In the US, the rate of childhood obesity has more than doubled over the past 3 decades. But in a new study, researchers from the University of Southampton in the UK say they have identified a number of risk factors that, if modified early, could prevent childhood obesity.
Past studies have indicated that certain factors in a child's early life may influence their likelihood of becoming obese later in life.
In this latest study, however, Prof. Robinson and her team wanted to assess how a combination of previously documented early-life risk factors affect a child's risk of later-life obesity.
Among 991 mother and child pairs who were a part of the Southampton Women's Survey, the team assessed the effects of five early-life risk factors that have been associated with childhood obesity: obesity, excess weight gain, smoking and low vitamin D levels during a mother's pregnancy, and short breastfeeding duration (less than 1 month) after birth.
The researchers found that only 148 (15%) of the children had no early-life risk factors for childhood obesity, while 330 (33%) had one risk factor, 296 (30%) had two, 160 (16%) had three and 57 (6%) had four or five.
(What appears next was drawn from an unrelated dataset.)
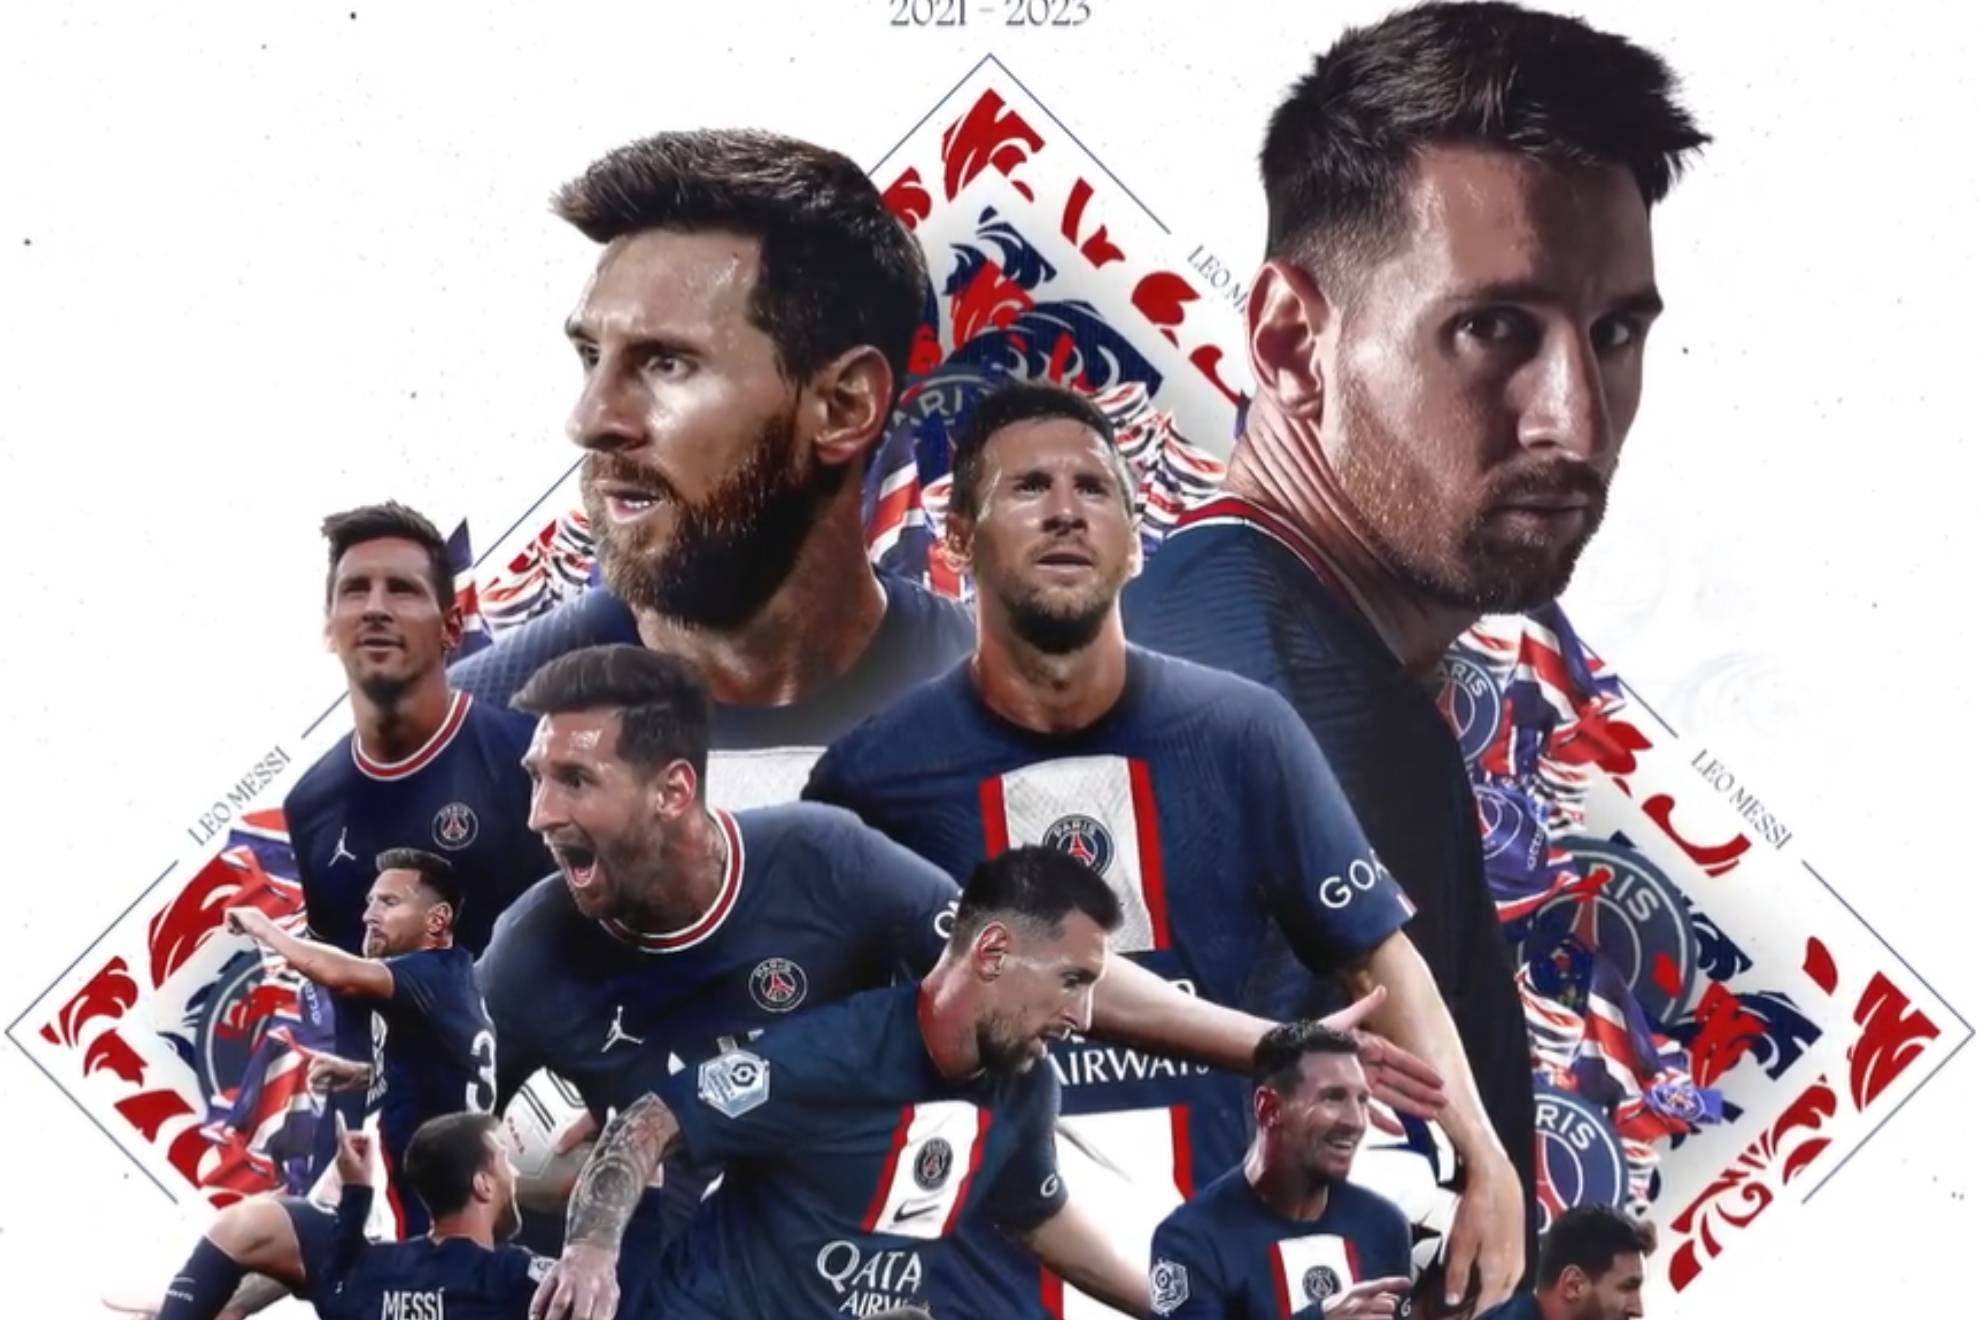 La historia llegó a su final: Paris Saint-Germain anuncia el adiós de Messi

When the children were 4 years of age, the researchers found that those with four or five early-life risk factors had a 19% higher fat mass and were were 3.99 times more likely to be overweight or obese than those who had no risk factors.
When the children were 6 years old, the team found that those who had four or five early-life risk factors had a 47% higher fat mass and were 4.65 times more likely to be overweight or obese than those with no risk factors.
Prof. Robinson says these findings indicate that "interventions to prevent obesity need to start earlier, even before conception, and that having a healthy body weight and not smoking at this time could be key."